One day I knocked on a clients door and just as she opened it, her three-year-old Violet ran away crying. Not even in the house yet I said, “what just happened?” her Mom replied, “She’s upset because she doesn’t have her exercise clothes on yet.” My heart melted.
Ruby ran into the garage one day where I was training her mom and dad. She jumped on the BOSU ball and said, “Exercise Girla, watch me do this!” As she proceeded to bounce up and down swinging her arms in a spectacular fashion, I asked her parents, “did she just call me Exercise Girla?!” We laughed and again, my heart melted.
The best thing was, that I never suggested to these children that they should join us, we were just having fun during our workouts and they thought it was play time. Even when my clients were doing something challenging, their children witnessed their efforts and because of how my clients felt at the end, the kids just equated it to a good thing. Perfect!
I think we’d all agree that children need to get outside and play. They need to burn energy, run, jump, climb and do what comes naturally to their little bodies. But when it comes to exercise, you may be wondering what’s the right thing to teach them and at what age.
My approach to teaching little ones is to teach them what comes naturally at the time. Also things they are curious about, with fun names or references that make sense to them. Yoga, for example, is excellent for kids because they love the names like “downward dog” and “tree pose.” Bear crawls, crab crawls and burpees are also fun names they enjoy.
Yes, I said burpees. You’re in disbelief, I know, because nobody likes burpees. But kids do! I’m pretty sure it’s because of the fun name and while their little bodies are still so close to the ground, the movement is still fun. When they’re 6 feet tall, I’ll have to remind them they used to love it.
Ages 3 and 4
I start with basic movements like squats and yoga poses and then move into more coordination challenging moves like push-ups and jumping jacks…or what I call Pencil-Rocket Ship.

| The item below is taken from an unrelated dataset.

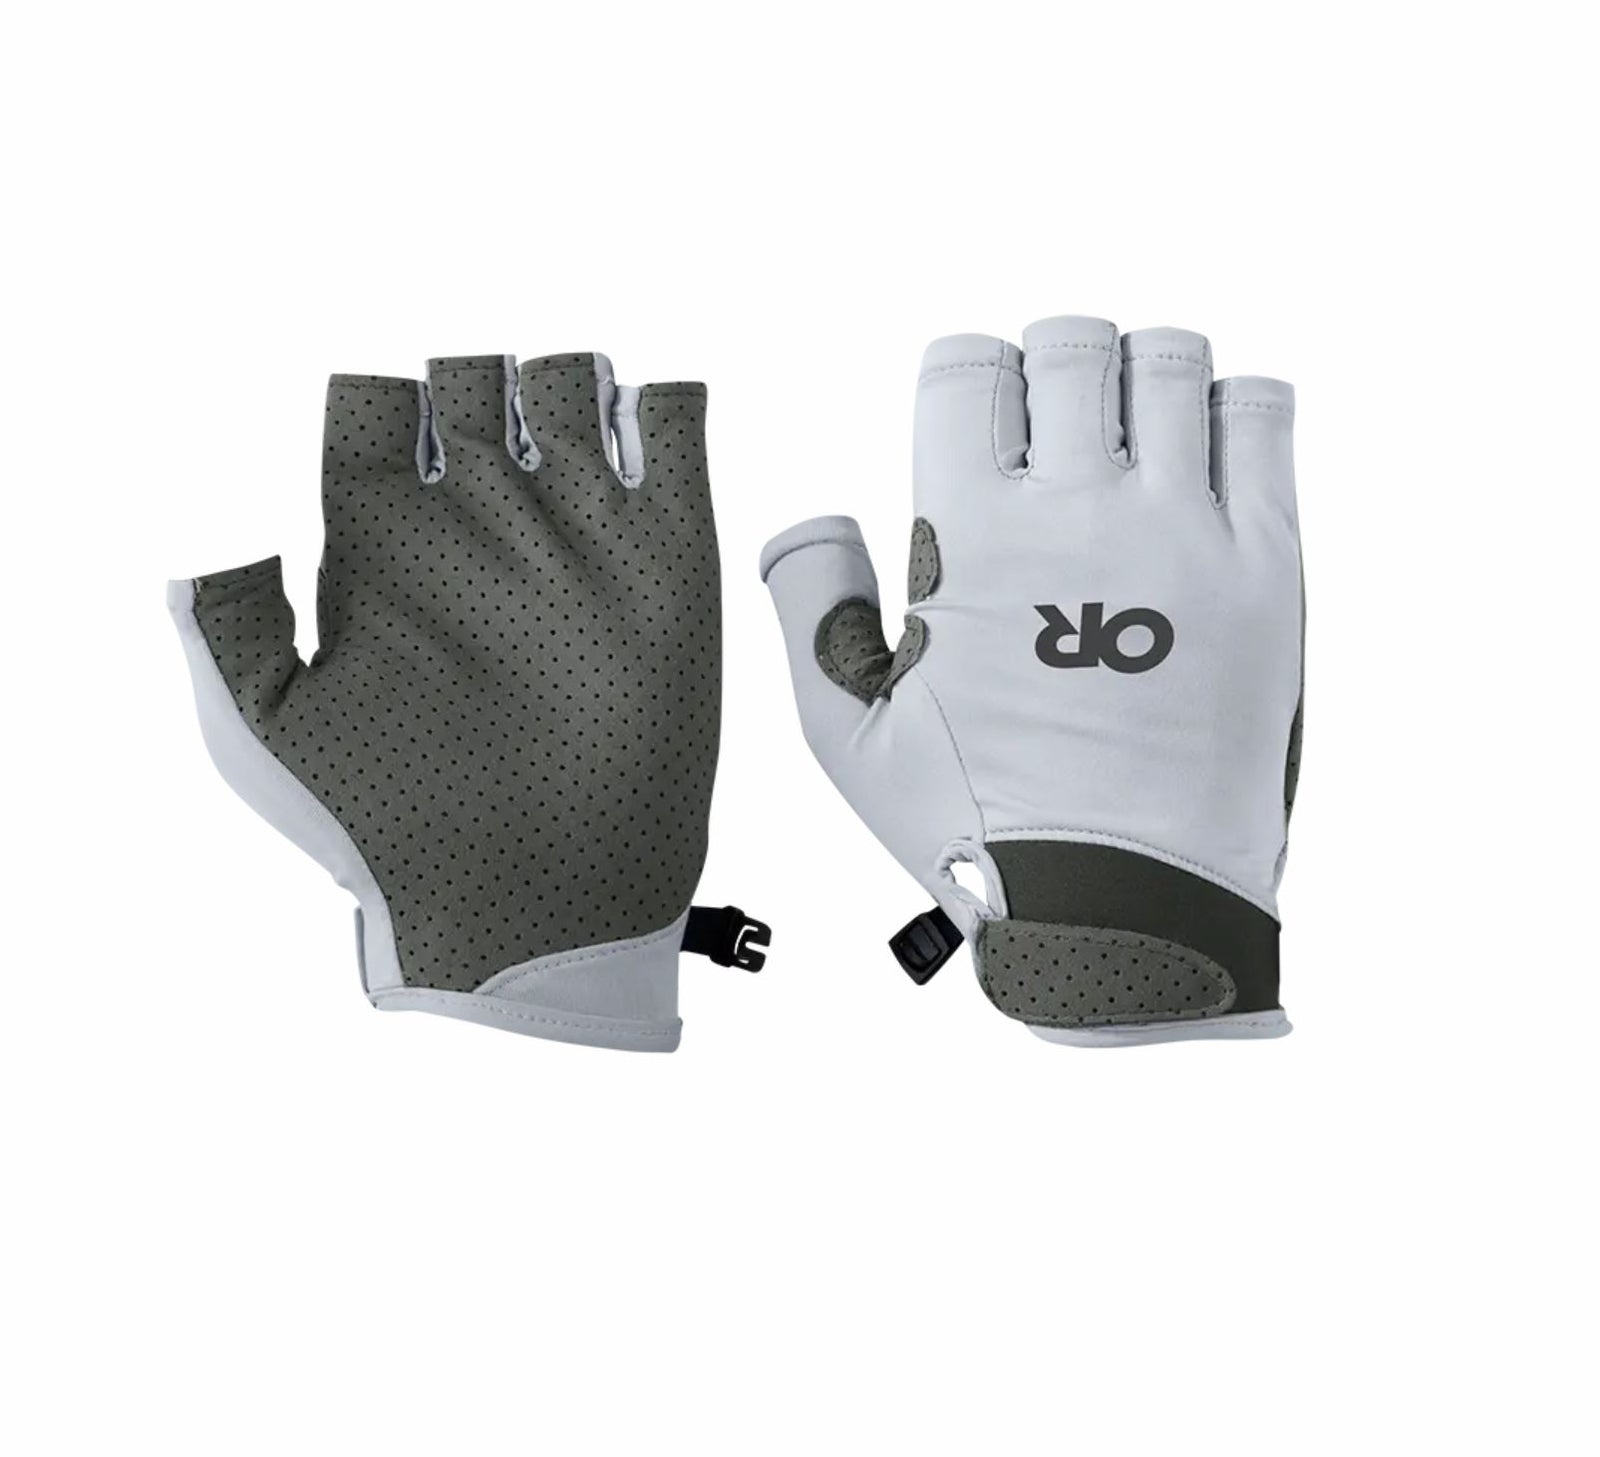 pair of gloves

Squats are first because sitting in a chair is something they already know how to do. That’s a visual they can understand even at 3. I make it fun by saying that the chair is hot so we squat down and come back up before we touch the (imaginary) chair. We do 10 of those. I also introduce them to yoga by doing a “chair pose” and holding it at the bottom.
The next one is Jumping Jacks, but at 3 and 4 they don’t quite have the coordination down on their own yet. One day I was standing in front of 10 preschoolers, about to teach them jumping jacks when I came up with, “everybody stand like a pencil!” We all jumped to a straight position with our arms by our sides. “Now like a Rocket Ship!” Our legs spread out and our arms shot up together at the top, like bunches of rocket ships ready for blast off.
Then, “Pencil! Rocket ship! Pencil-Rocket Ship! Faster!” And then we were all doing jumping jacks. It’s the fun visual that helps them with body awareness.
The last one I teach them is Push-Ups. That may sound crazy, but for this exercise it comes down to what they see their parents doing. If you’re stretching, your curious kiddos are going to want to stretch. If you’re doing a tree pose in yoga, I guarantee they’re going to want to twist themselves into tree shape with you. So I didn’t plan on introducing children this young to my favorite upper body move, they actually asked to because they saw mommy and daddy doing it. Brilliant.
Push-ups are fun to watch too. At age 3 they don’t seem to have an awareness of their elbows yet, or at least how to use them in this movement. So no matter what I say they seem to keep their arms straight and their tiny hips go up and down.
Somewhere around age 4 they gain brain access to the elbow bend and then push-ups happen.